Start of Record set

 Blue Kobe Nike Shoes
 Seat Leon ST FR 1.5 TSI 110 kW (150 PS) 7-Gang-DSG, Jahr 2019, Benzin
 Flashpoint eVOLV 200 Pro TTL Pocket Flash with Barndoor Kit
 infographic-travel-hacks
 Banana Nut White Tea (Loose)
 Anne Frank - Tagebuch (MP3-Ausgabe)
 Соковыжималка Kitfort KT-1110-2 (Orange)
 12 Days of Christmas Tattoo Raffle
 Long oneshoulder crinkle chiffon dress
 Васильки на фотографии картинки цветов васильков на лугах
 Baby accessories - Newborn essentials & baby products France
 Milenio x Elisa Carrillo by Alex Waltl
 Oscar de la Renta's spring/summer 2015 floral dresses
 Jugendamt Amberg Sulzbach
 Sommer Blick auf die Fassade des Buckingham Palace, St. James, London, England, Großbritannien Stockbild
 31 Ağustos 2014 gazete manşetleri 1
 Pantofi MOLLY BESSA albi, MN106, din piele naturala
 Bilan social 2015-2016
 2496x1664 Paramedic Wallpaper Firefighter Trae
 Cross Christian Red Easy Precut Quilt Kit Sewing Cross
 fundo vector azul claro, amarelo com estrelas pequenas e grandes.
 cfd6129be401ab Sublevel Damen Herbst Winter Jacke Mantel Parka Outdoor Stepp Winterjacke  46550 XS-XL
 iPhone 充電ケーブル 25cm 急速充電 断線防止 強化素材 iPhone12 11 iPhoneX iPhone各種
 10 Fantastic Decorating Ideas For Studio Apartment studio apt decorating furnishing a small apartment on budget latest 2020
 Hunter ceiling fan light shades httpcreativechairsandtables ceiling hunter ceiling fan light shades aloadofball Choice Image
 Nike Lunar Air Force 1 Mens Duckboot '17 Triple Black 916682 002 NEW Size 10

End of Record set

**Directions for this task:**
Looking at the records above, return exactly the lines from the line with "Long oneshoulder crinkle chiffon dress" to the line with "iPhone 充電ケーブル 25cm", both ends included.

**Completed exercise:**
 Long oneshoulder crinkle chiffon dress
 Васильки на фотографии картинки цветов васильков на лугах
 Baby accessories - Newborn essentials & baby products France
 Milenio x Elisa Carrillo by Alex Waltl
 Oscar de la Renta's spring/summer 2015 floral dresses
 Jugendamt Amberg Sulzbach
 Sommer Blick auf die Fassade des Buckingham Palace, St. James, London, England, Großbritannien Stockbild
 31 Ağustos 2014 gazete manşetleri 1
 Pantofi MOLLY BESSA albi, MN106, din piele naturala
 Bilan social 2015-2016
 2496x1664 Paramedic Wallpaper Firefighter Trae
 Cross Christian Red Easy Precut Quilt Kit Sewing Cross
 fundo vector azul claro, amarelo com estrelas pequenas e grandes.
 cfd6129be401ab Sublevel Damen Herbst Winter Jacke Mantel Parka Outdoor Stepp Winterjacke  46550 XS-XL
 iPhone 充電ケーブル 25cm 急速充電 断線防止 強化素材 iPhone12 11 iPhoneX iPhone各種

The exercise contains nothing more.